Items from a data source
::::

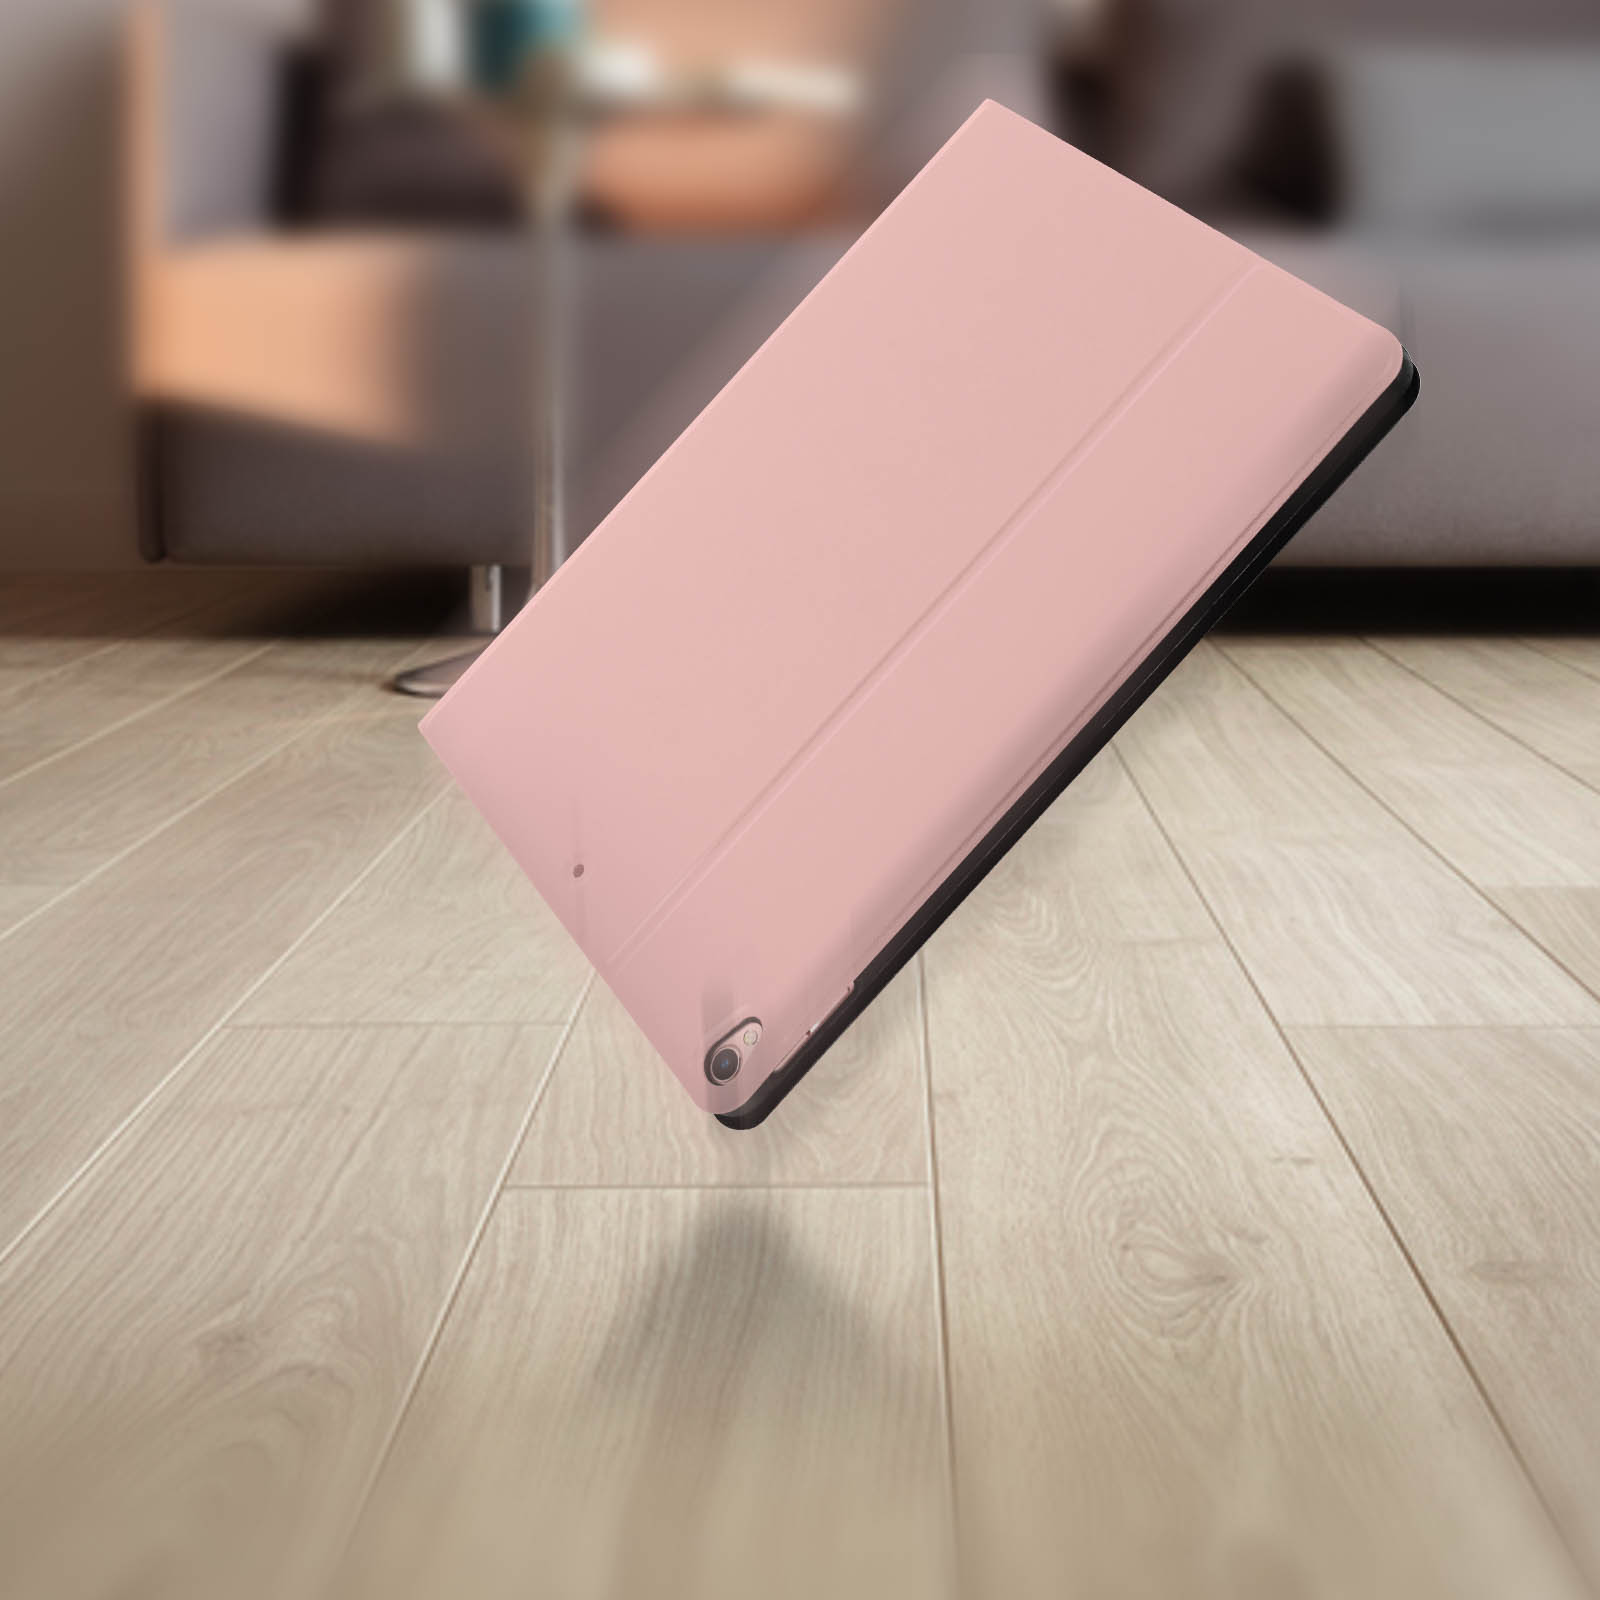 Coque iPad pro/Air 2019 avec rabat de protection - 3 couleurs - promotion
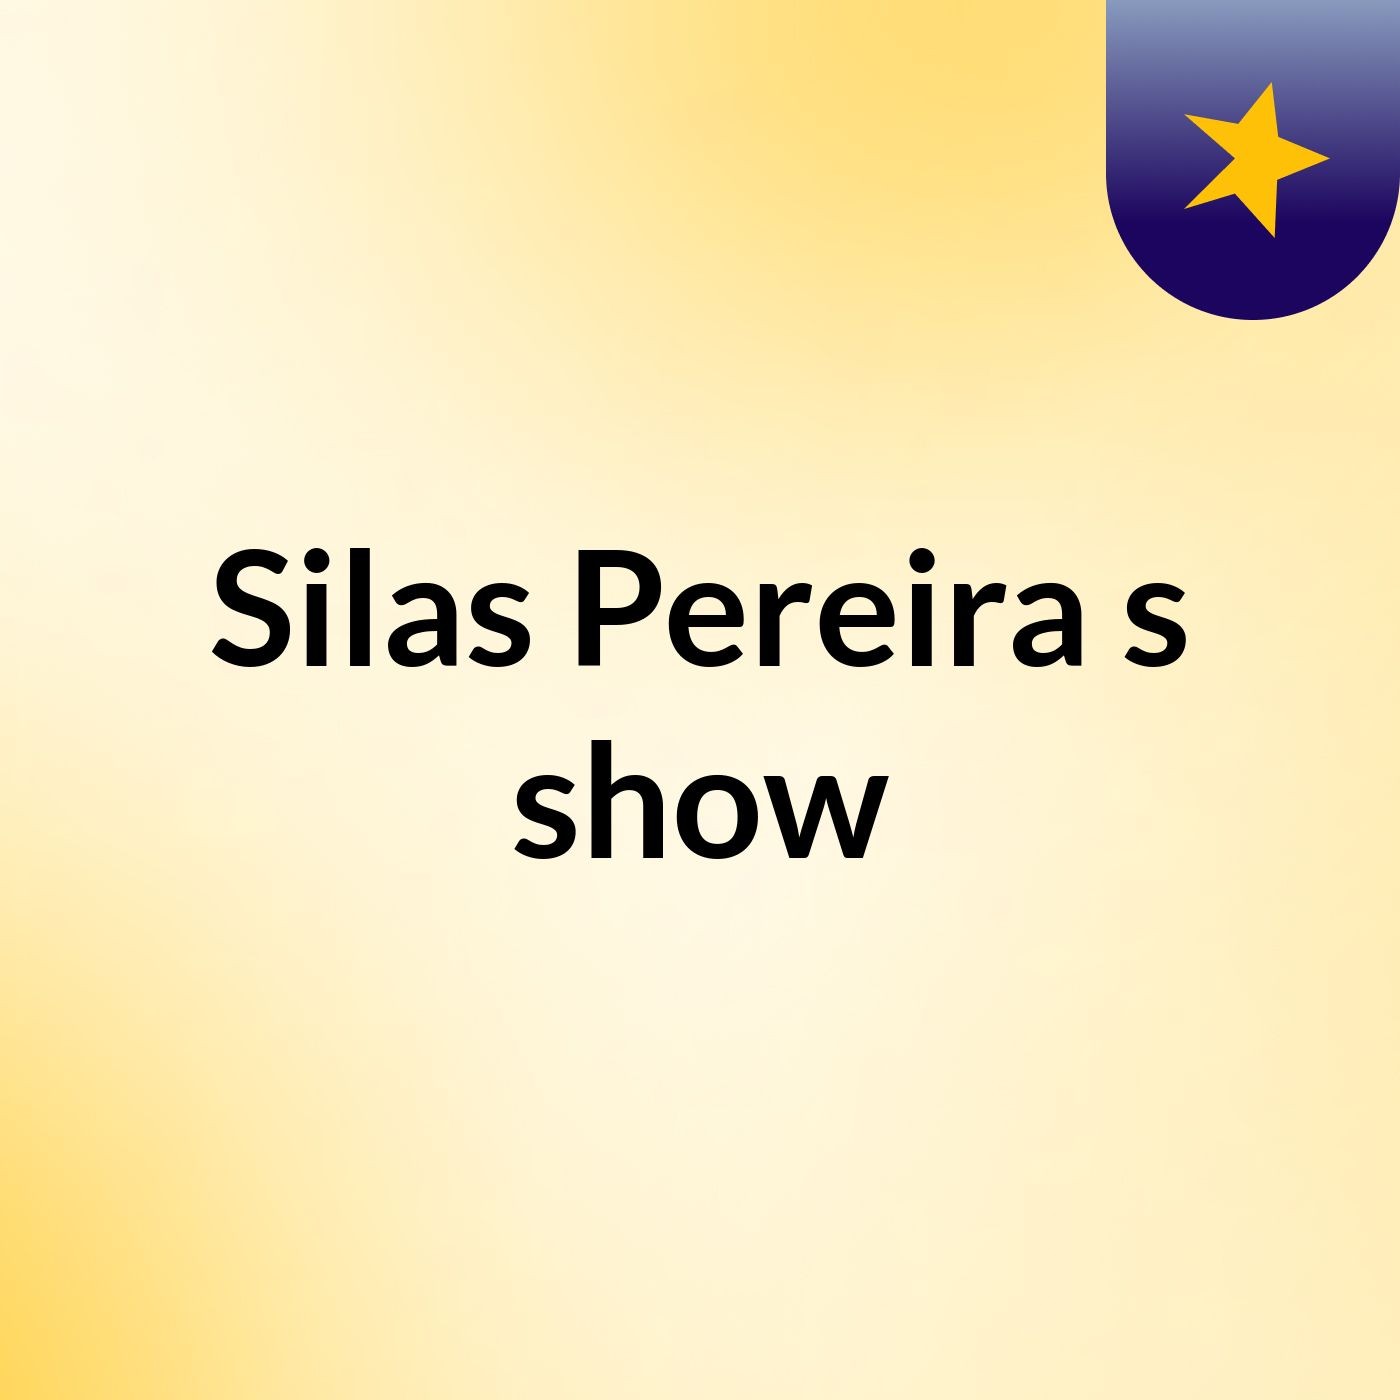 Silas Pereira's show
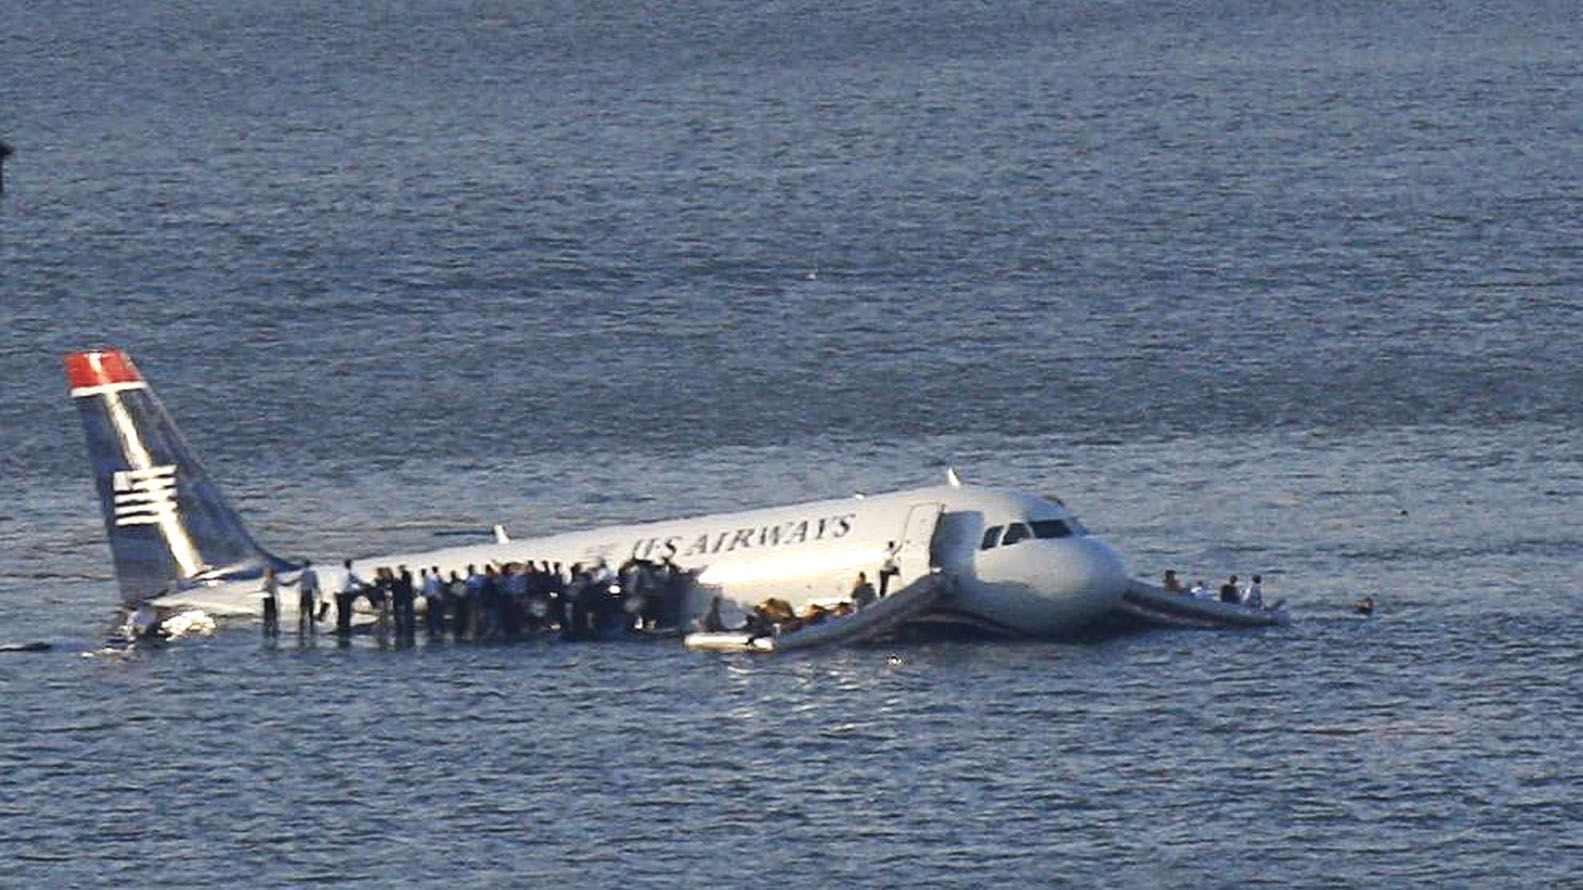 Melconian dijo que la tarea del gobierno es "aterrizar el avión en el Hudson", en referencia a un vuelo de US Airways que en enero de 2009, ante la falla de los dos motores, acuatizó en ese río a orillas de Nueva York, salvando la vida de los 150 pasajeros y 5 tripulantes, que fueron socorridos por embarcaciones cercanas
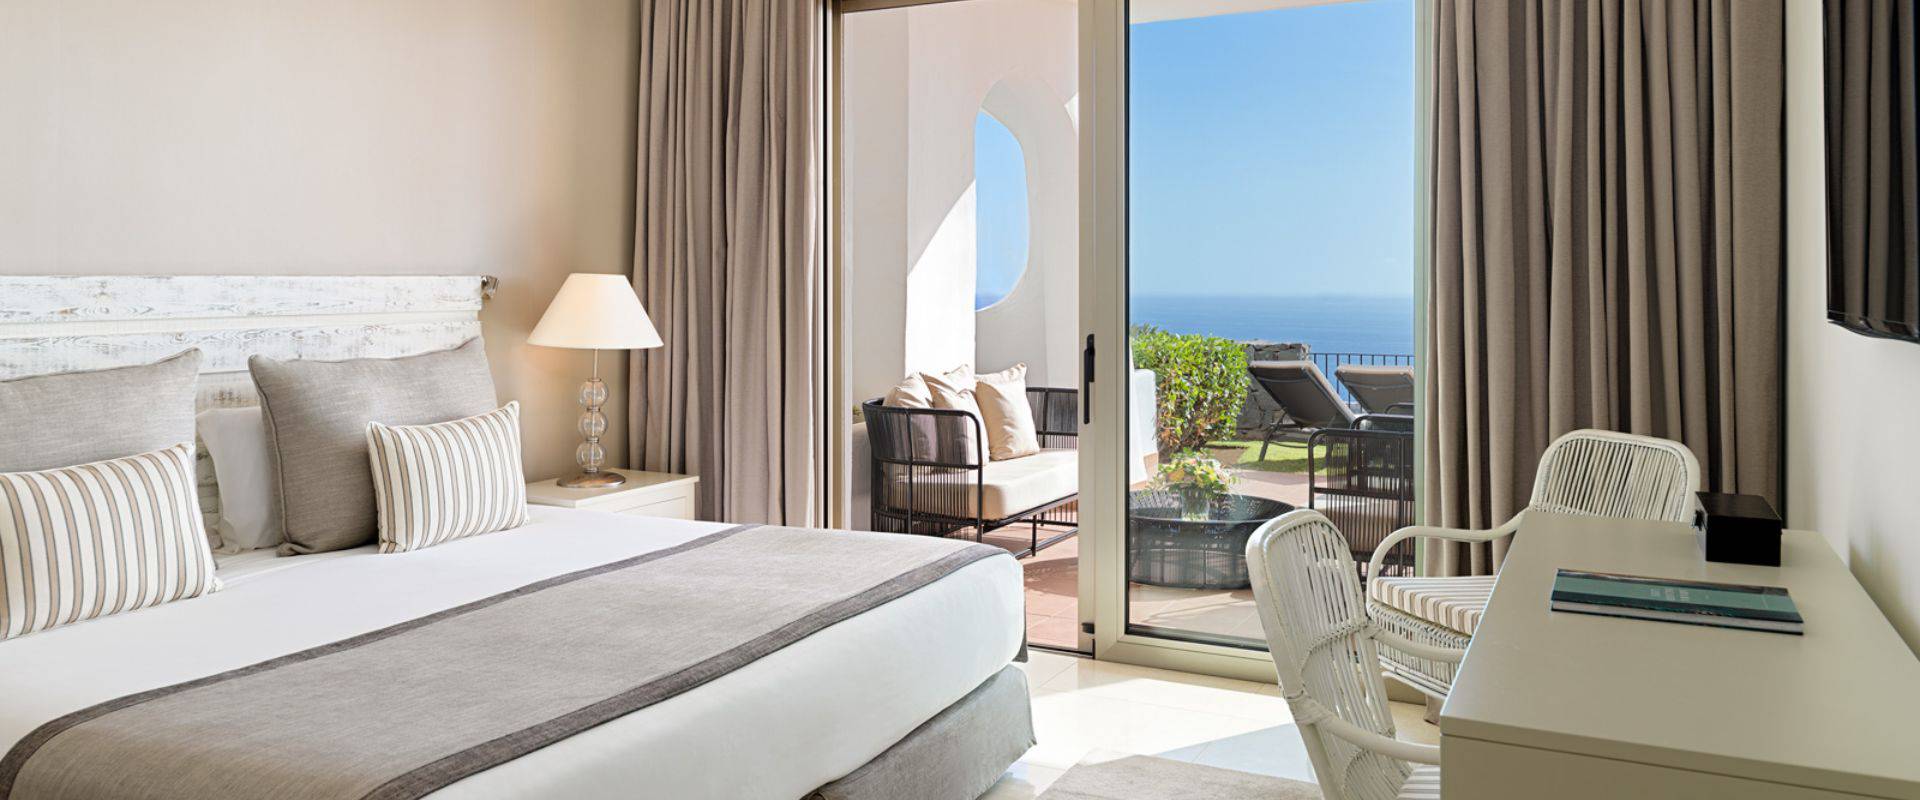  Hotel Las Terrazas de Abama Suites Tenerife
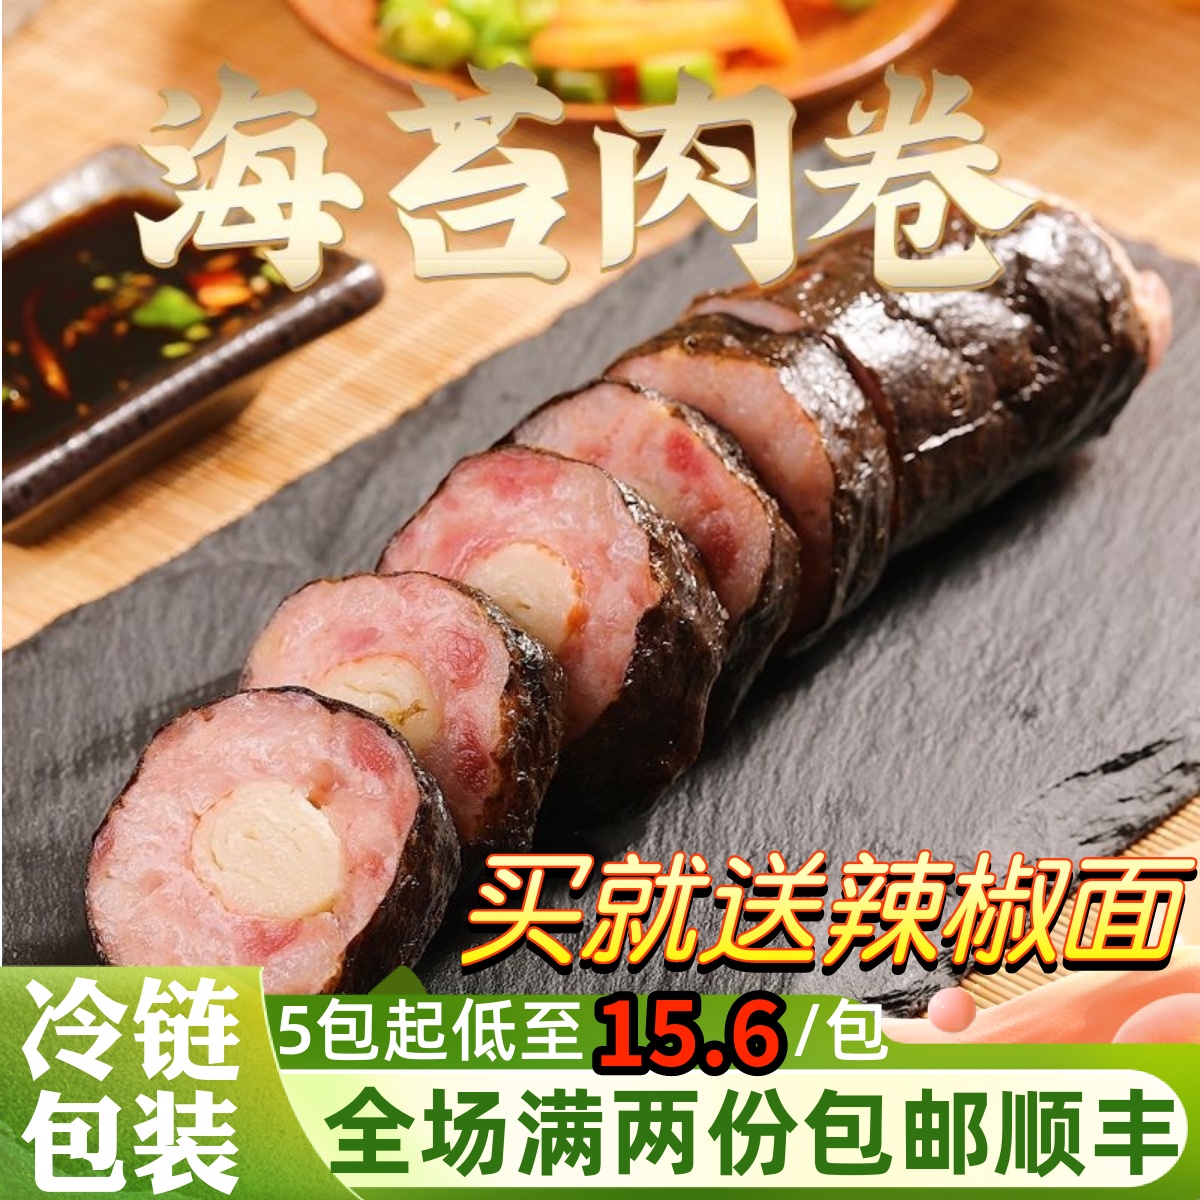 海苔肉卷蟹柳紫菜卷日式料理寿司手工猪肉卷港式早茶广式茶餐厅

::::

→ **Task brief**
Return each entry exactly as it appears above, but exclude the pictures.

→ **Solution**
 Coque iPad pro/Air 2019 avec rabat de protection - 3 couleurs - promotion
 Silas Pereira's show
 Melconian dijo que la tarea del gobierno es "aterrizar el avión en el Hudson", en referencia a un vuelo de US Airways que en enero de 2009, ante la falla de los dos motores, acuatizó en ese río a orillas de Nueva York, salvando la vida de los 150 pasajeros y 5 tripulantes, que fueron socorridos por embarcaciones cercanas
  Hotel Las Terrazas de Abama Suites Tenerife
 海苔肉卷蟹柳紫菜卷日式料理寿司手工猪肉卷港式早茶广式茶餐厅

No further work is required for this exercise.